Everything in the listing below needs restating exactly, apart from the pictures.

* SOURCE DATA:
※

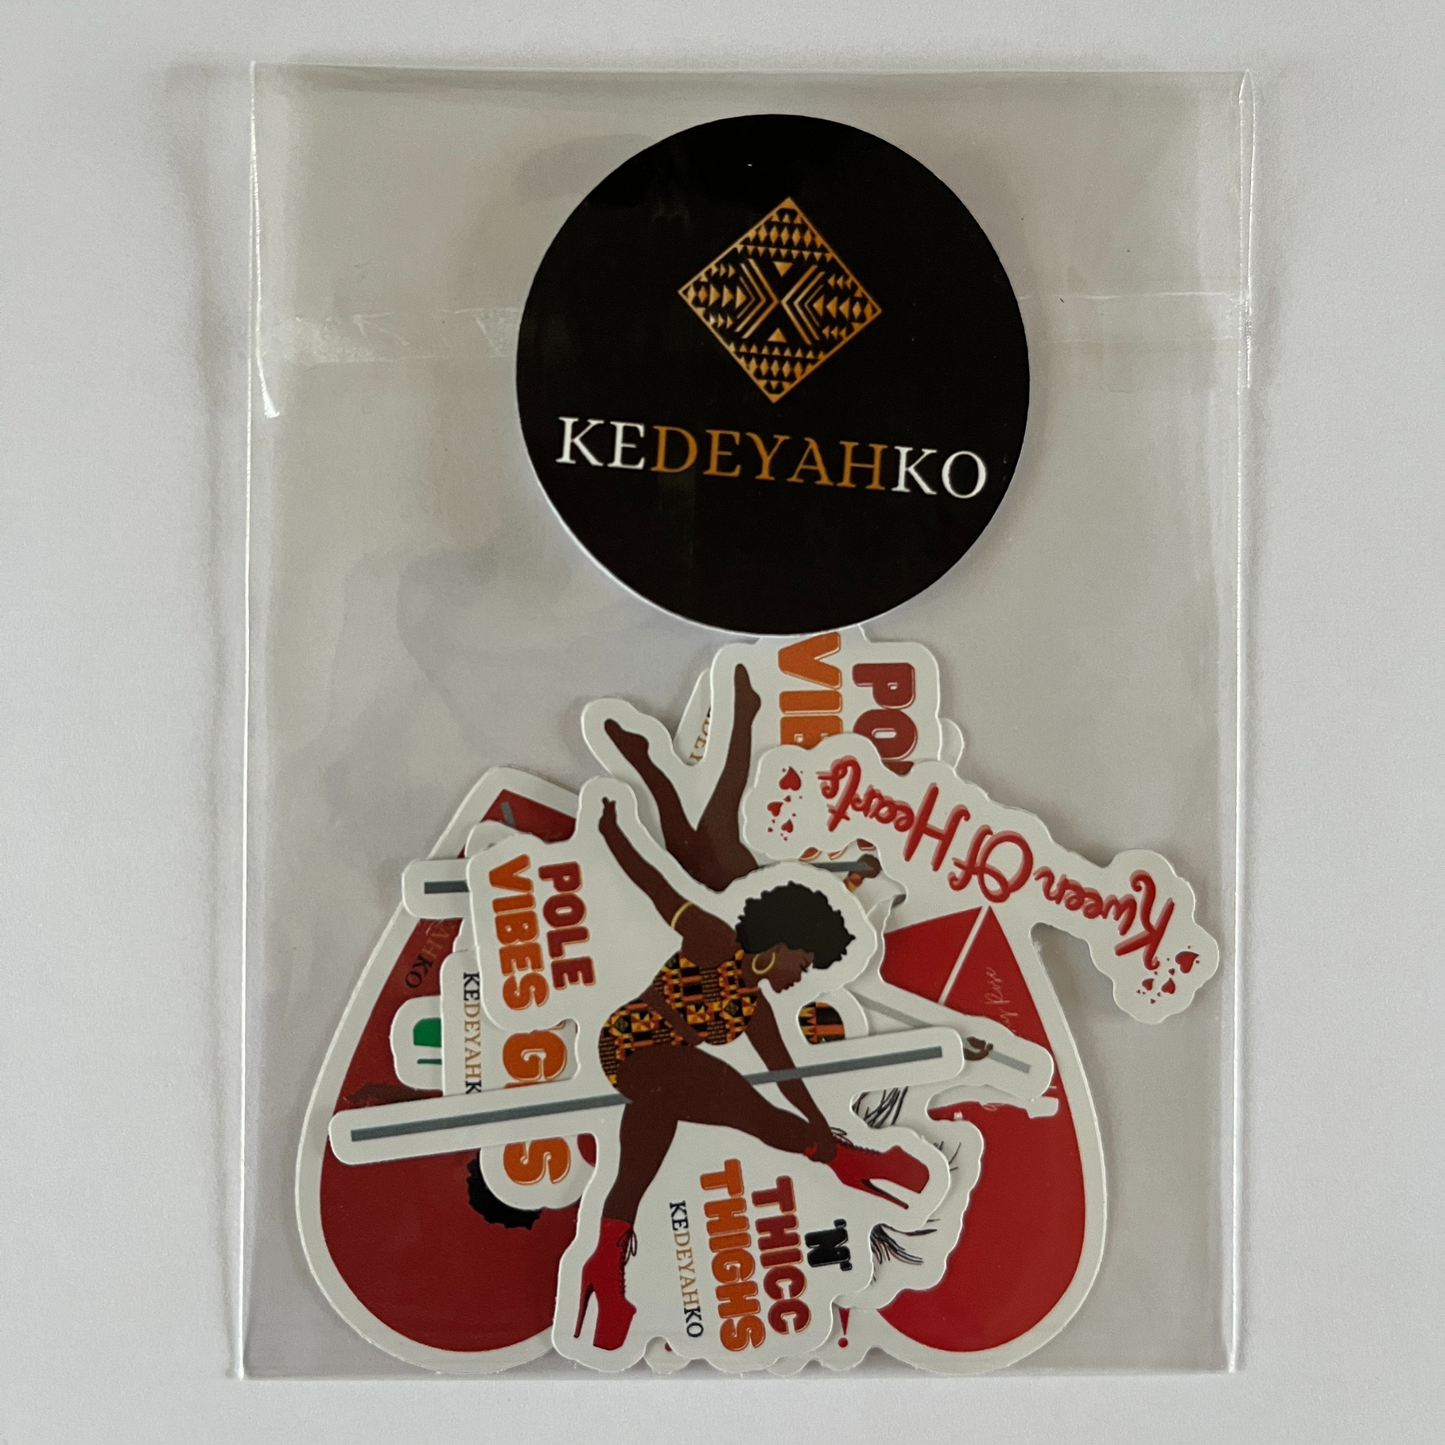 Kedeyahko Kweens Stickers Pack of 5
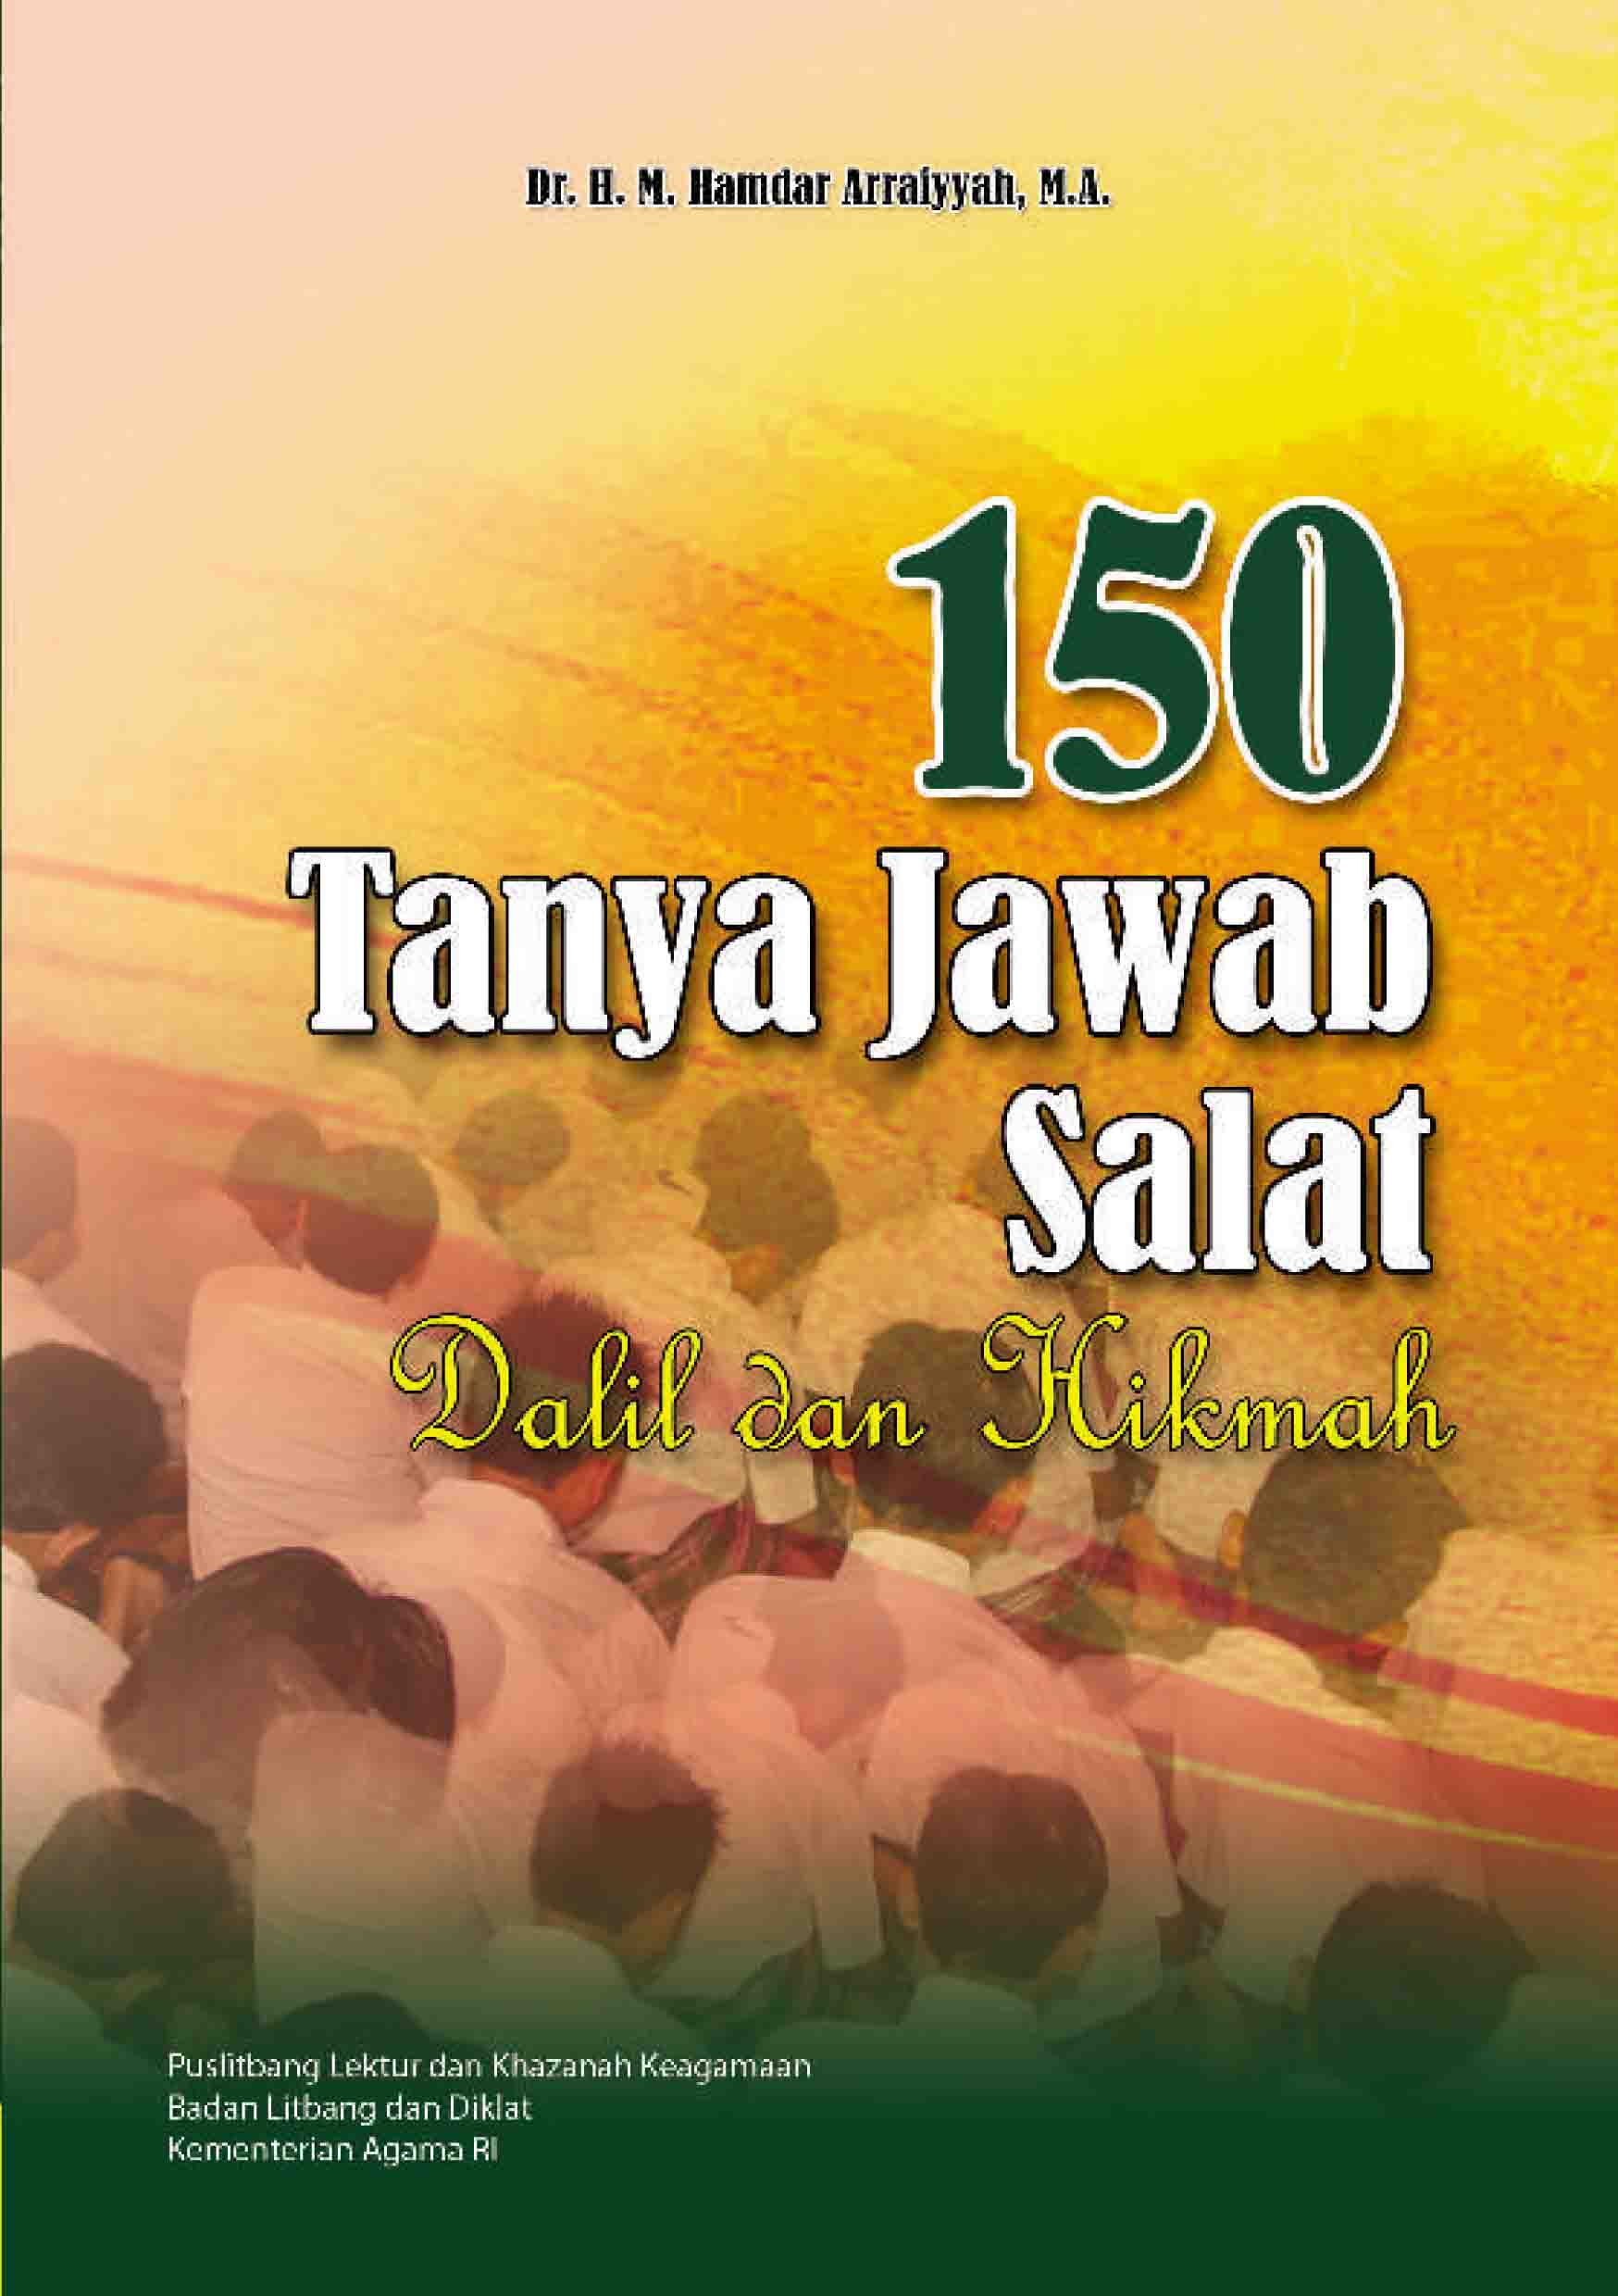 150 Tanya Jawab Salat (Dalil dan Hikmah)
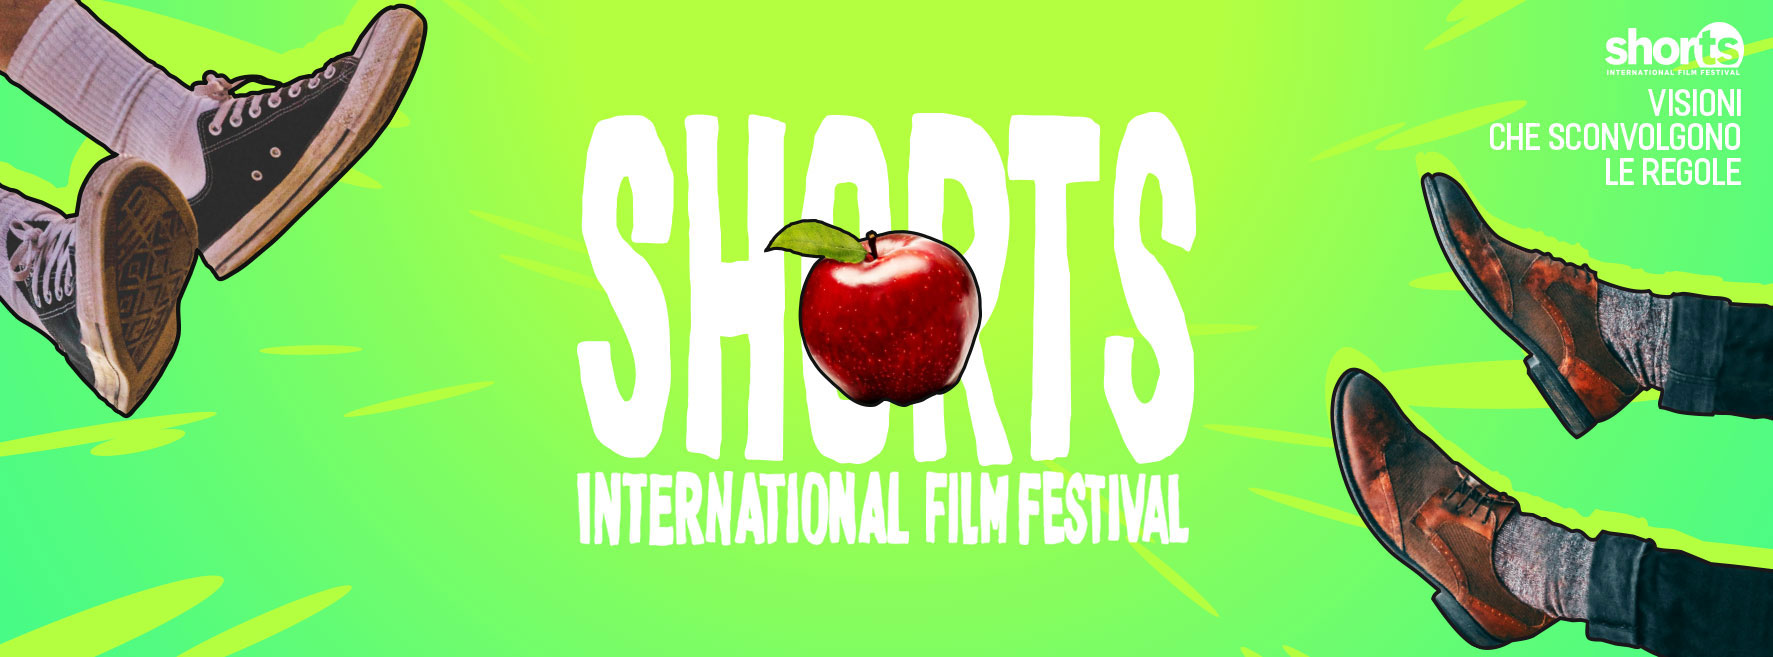 ShorTS International Film Festival: la realtà virtuale raccontata dagli occhi dei suoi protagonisti

※

* WRITTEN RESPONSE:
 Kedeyahko Kweens Stickers Pack of 5
 150 Tanya Jawab Salat (Dalil dan Hikmah)
 ShorTS International Film Festival: la realtà virtuale raccontata dagli occhi dei suoi protagonisti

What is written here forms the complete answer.